Several of the affordances of turtle geometry are outlined as being intrinsic rather than extrinsic, whereby the turtle does not rely on an external reference system such as the x and y axes. Turtle geometry is also described as local rather than global, meaning that it deals with geometry by only needing to know small pieces of information, such as its own position and heading, rather than its context in a wider system, or in relation to other more abstract information, such as the center or the edges of its environment, which is in contrast to the algebraic equations of a global coordinate system. Another important attribute of turtle geometry is through the construction of procedures rather than equations. Procedures are simple, readily modified, and called iteratively, enabling fruitful mathematical exploration, something which is more difficult to capture in traditional algebraic formalism. Turtle geometry is also considered to be dynamic, rather than the traditional view of geometry that is regarded as static. The concept of the ‘state’ in computer science is important as turtle geometry is tied to movements and its main procedures, FORWARD, BACK, LEFT , RIGHT, are state-change operators.

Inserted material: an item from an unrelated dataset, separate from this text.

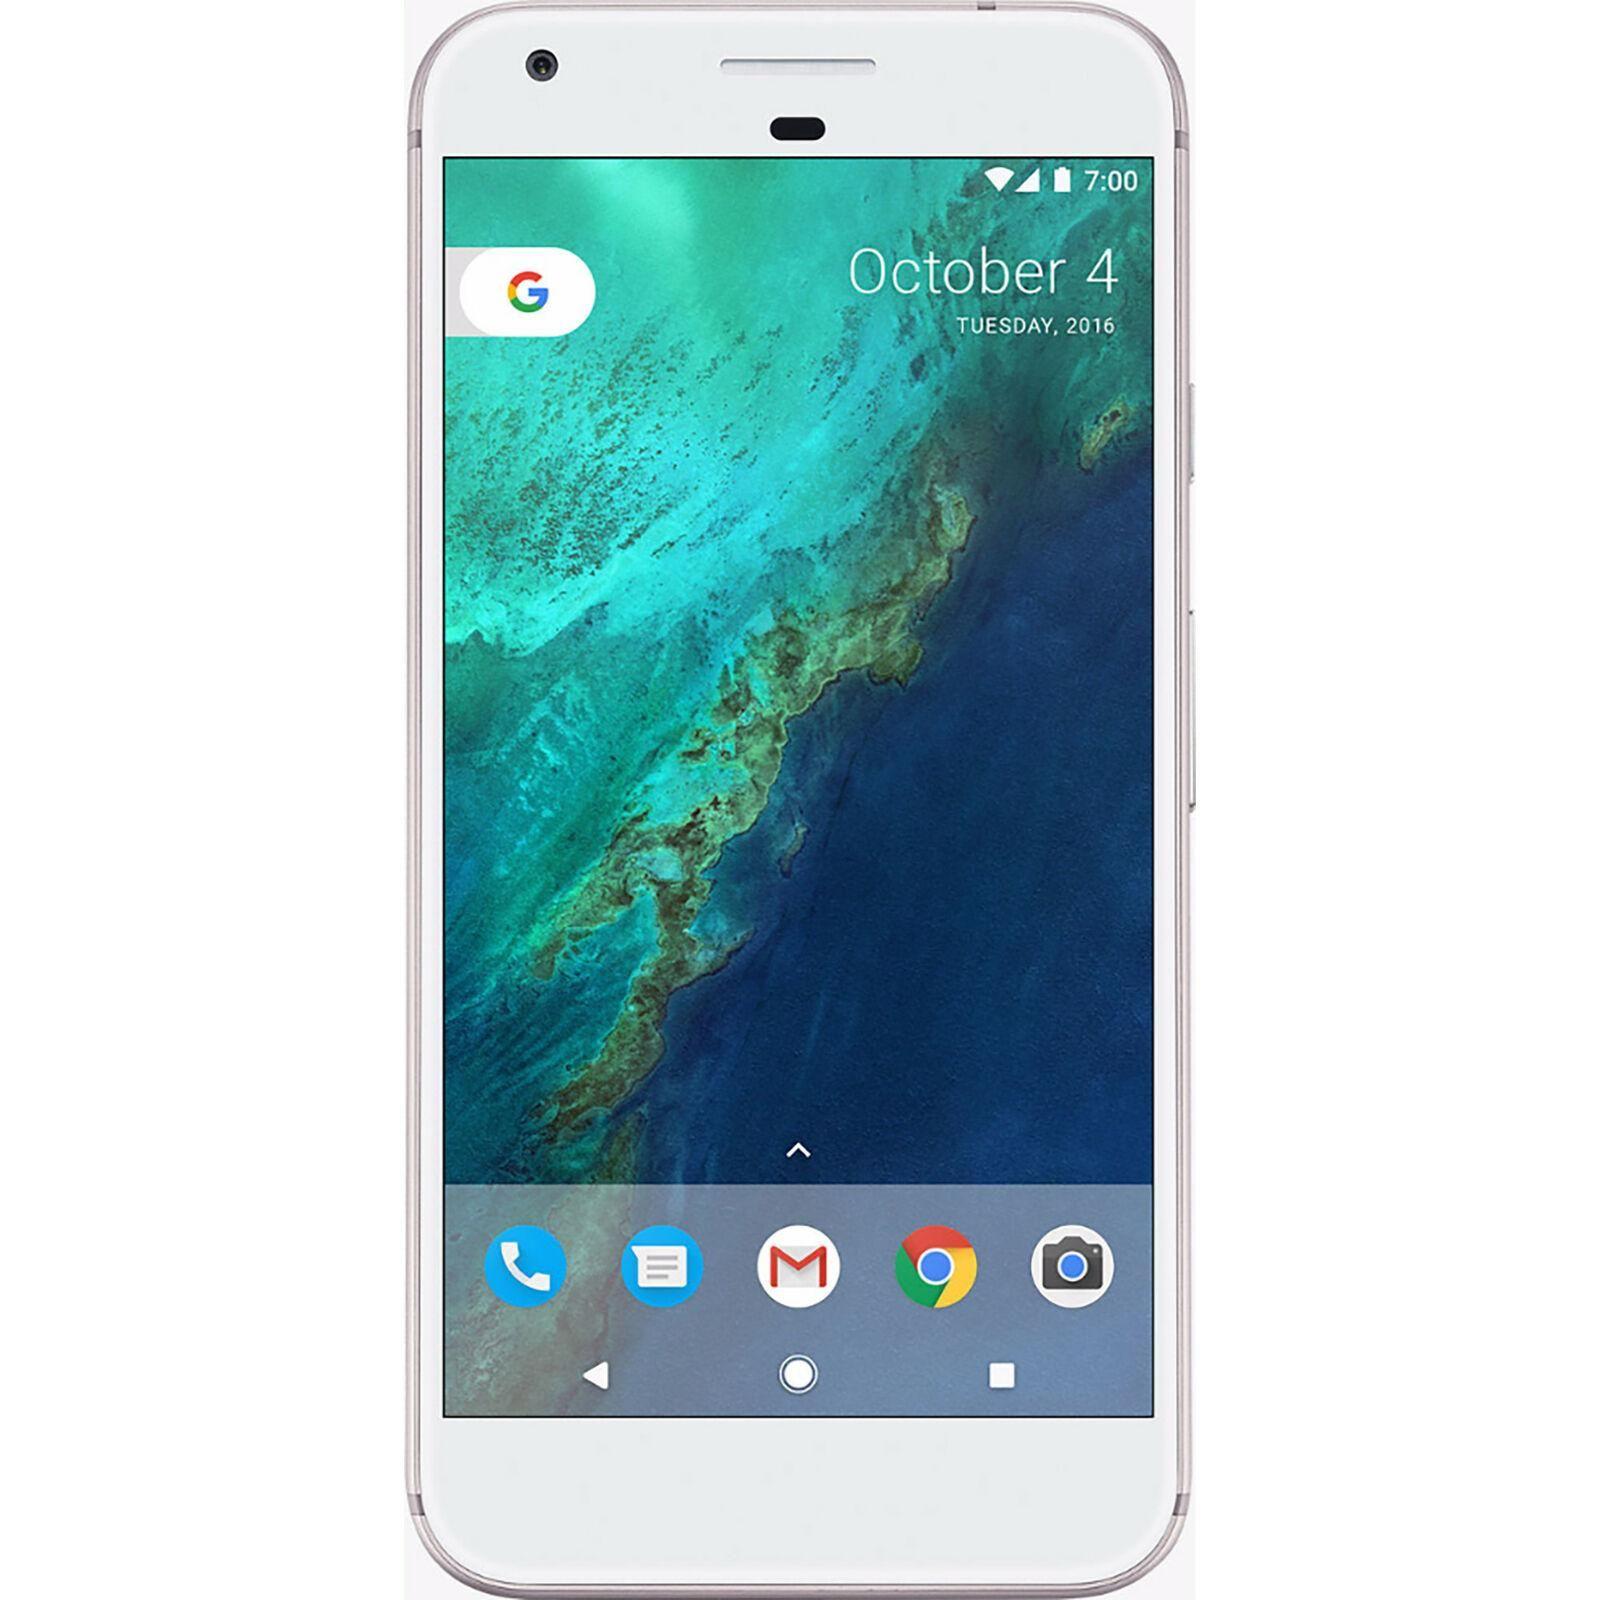 At T Google Pixel 128gb Refurbished In 2020 Google Pixel Phone Google Pixel Xl Pixel Xl Phone

Overall, these qualities mean that turtle geometry is a less abstract, and more embodied approach to learning, or perhaps, an embodied approach to dealing with abstraction, by breaking abstraction down into simple repeatable behaviours that people can relate to through existing knowledge of their own bodies in space and motion. In fact, several times Abelson and diSessa include humorous but pertinent warnings to their reader:

“DANGER — The next section contains “premade” (already discovered) mathematics. It may be harmful to your imagination and should be used only as a last resort. TURN THE PAGE AT YOUR OWN PERIL.” (p.267)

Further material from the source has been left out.